Reason have been covering a Federal Motor Carrier Administration (one of the saplings under the trunk of the now-toppled Interstate Commerce Commission) safety order that put Fung Wah Bus out of business.  We're no longer in the era of pure-dee Regulation In The Public Interest, under which the incumbents could block the entry of new carriers by arguing in the alternative.  The existing service is adequate.  If additional service is required, the existing carriers are capable of providing it.  The applicant is not competent to provide service.

Some things never change.
The government initiative also fits the classic pattern in which regulation destroys politically weak businesses to the benefit of the politically strong like Greyhound, Coach USA, and Peter Pan, which have seen their market share grow. Most of Fung Wah’s employees and its owner were Chinese immigrants lacking the language skills and legal muscle required to navigate all the red tape. And Fung Wah is only the best-known victim of this onslaught. On May 31, 2012, the Federal Department of Transportation shutdown 26 bus companies in a single day, and since then it has forced an additional 15 closures. Many of those companies were owned by Chinese immigrants. The American Bus Association, a trade association that primarily represents the large corporate carriers, has cheered the government on.
The startup bus companies could have taken a page from the playbook of the startup bus companies at the beginning of the motor age.  Look at this 1936 timetable cover from the Cold Spring Shops research archives.

In 1936, Maine Central and Boston and Maine had a common management, thus the Flying Yankee and Constitution-class Pacific on the right panel.  In those days, the New England rail carriers also operated airliners (precursors of Northeast Airlines; Trans-America Transportation was a Pennsylvania Railroad creation that became Trans World Airlines) and their own motor buses, and the timetable notation "bus service in substitution" took on more than one meaning.

The railroad's bus services competed with an earlier generation of curbside-pickup carriers.
The long-distance busing industry was originally dominated by small scrappy companies competing fiercely to win over customers, only to become a government-protected cartel with declining ridership and all the competitive spirit of Ma Bell. A half-century later, busing returned to its glorious origins, but today it’s in danger becoming a ward of the state once more.

In the 1910s, the very first American bus companies started picking up passengers on main streets all across America. There were few barriers to entry; entrepreneurs without much capital could buy or lease a motorcoach and then start doing regular pick-ups in front of a hotel or on a street corner.

Within a few years, local governments intervened to protect established companies from new competition. By 1925, most states required that bus companies apply for permission to service particular routes. The Motor Carrier Act of 1935 put the federal Interstate Commerce Commission (ICC) in charge of regulating bus travel. The ICC did everything from set ticket prices to grant established companies the exclusive right to operate between certain cities.
That regulation, some of it at the behest of railroads seeking protection of their revenues from ruinous and destructive, or unfettered, or unfair competition, included restrictions on the air and bus divisions of railroad corporations.
Protected from competition, bus companies grew indifferent to the changing tastes of their customers. Americans relocated to the suburbs, while car and air travel exploded in popularity. As inner-city depots became dangerous and decrepit, bus companies failed to alter their business models. After World War II, U.S. bus travel fell by half in just a decade and then it kept declining.

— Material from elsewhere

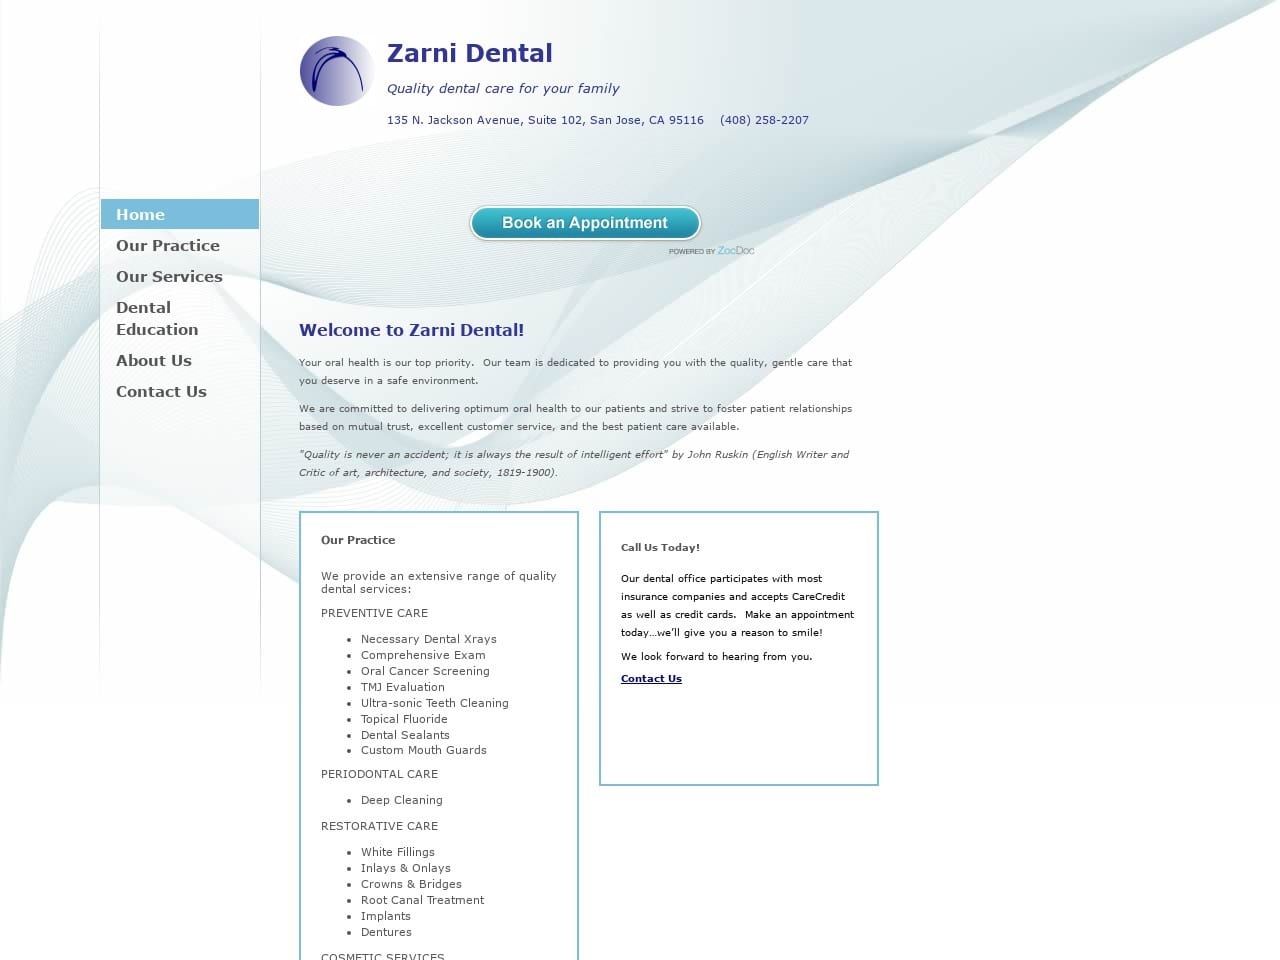 Zarni Dental Website Screenshot from zarnidental.com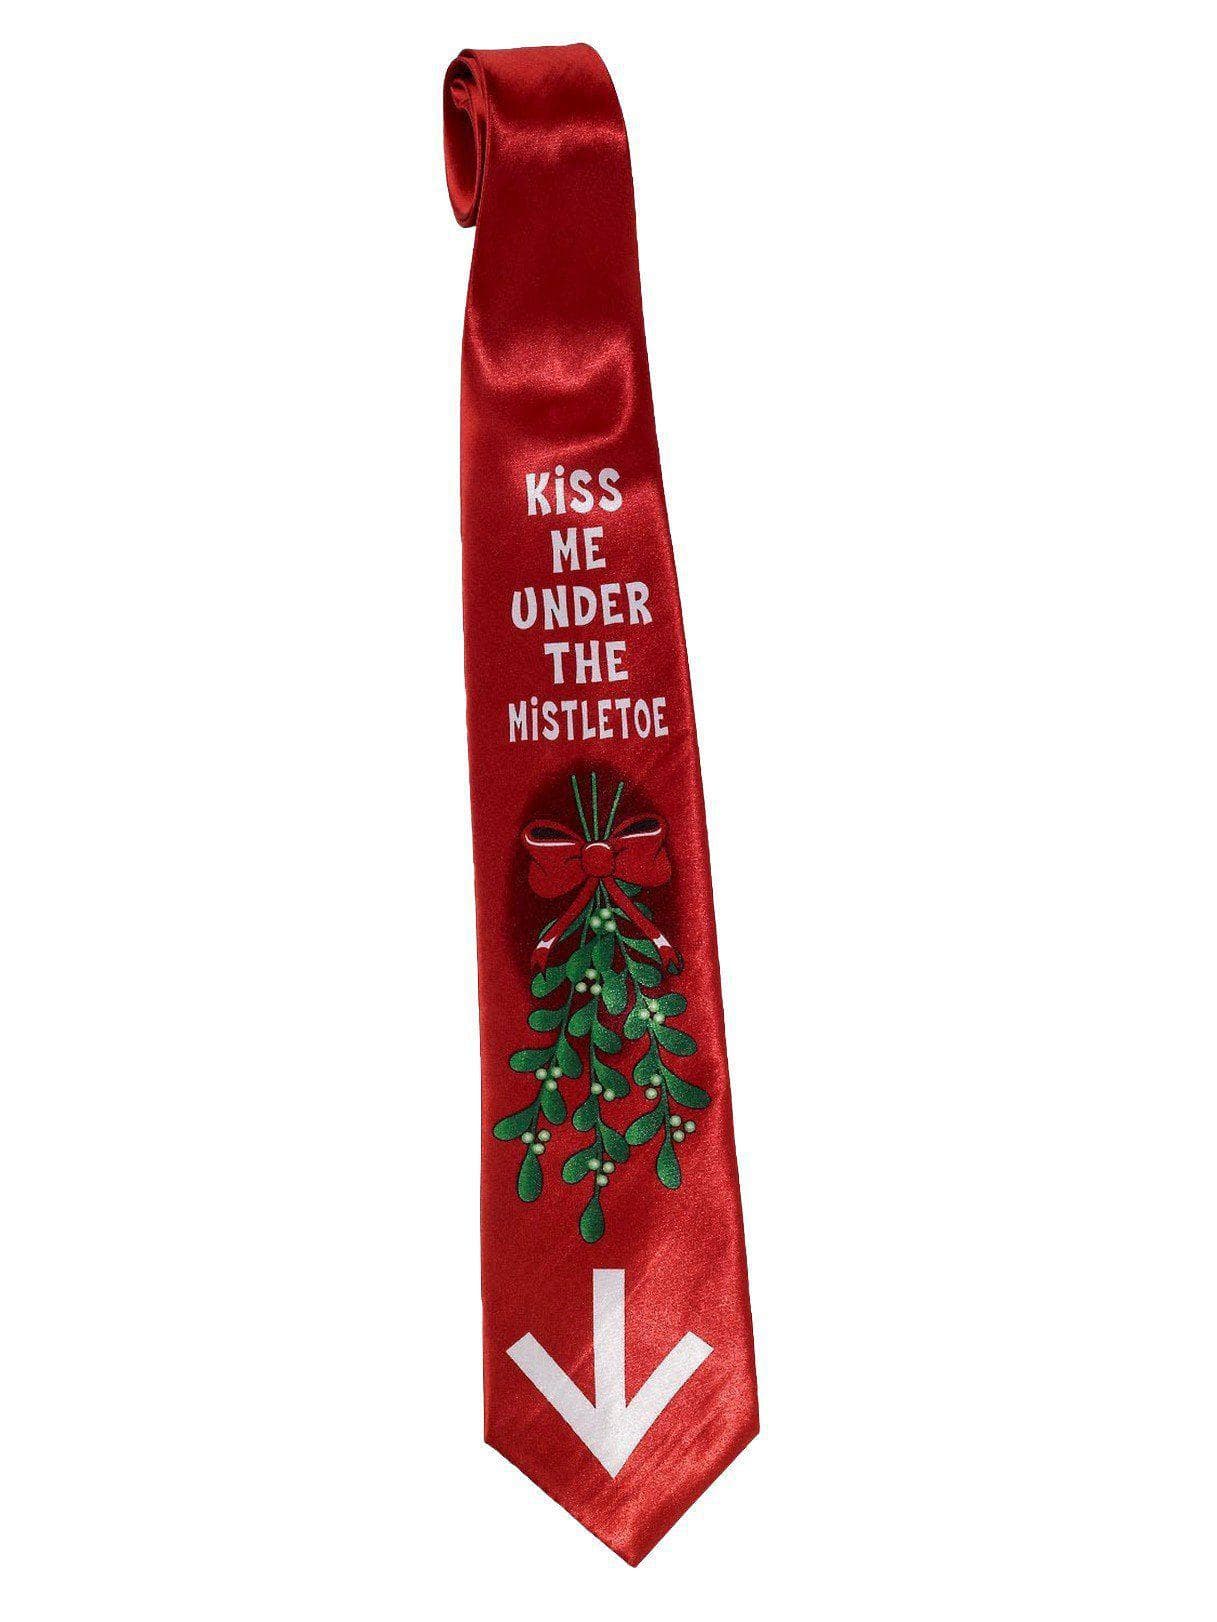 Mistletoe Christmas Tie - costumes.com

The industry languished for the next half century. In 1982, President Reagan deregulated intercity bus travel, which cleared the way for new companies to get into the business and start fighting to win back passengers, but for the next decade and a half not much changed. Then in the late 1990s, a group of immigrants from Fujian Province, China reinvented the bus industry in New York City's Chinatown. These entrepreneurs brought busing back to its roots of picking up passengers right off the street instead of from a traditional station. (The Chinatown bus companies became known as curbside carriers.) Once again, pretty much all you needed to start a bus company was a bus.

The Chinatown operators also figured out a way to win over customers that had eluded the established carriers for decades: charge really low prices. In short order, companies like Greyhound, Peter Pan, and Coach USA started opening their own curbside services, and today intercity busing is the fastest growing form of intercity transit in the U.S.
It helps to be computer-savvy and flexible in your travel plans, as the latest generation of 'bus companies eschews printed timetables, let alone stations with helpful agents to sell tickets and check your baggage.

This Reason TV commentary includes archival footage of the early 'bus operators, including the Hibbing, Minnesota establishment that became Northland Greyhound.

Greyhound might have been the upstart in the 'Twenties, it's now part of the establishment.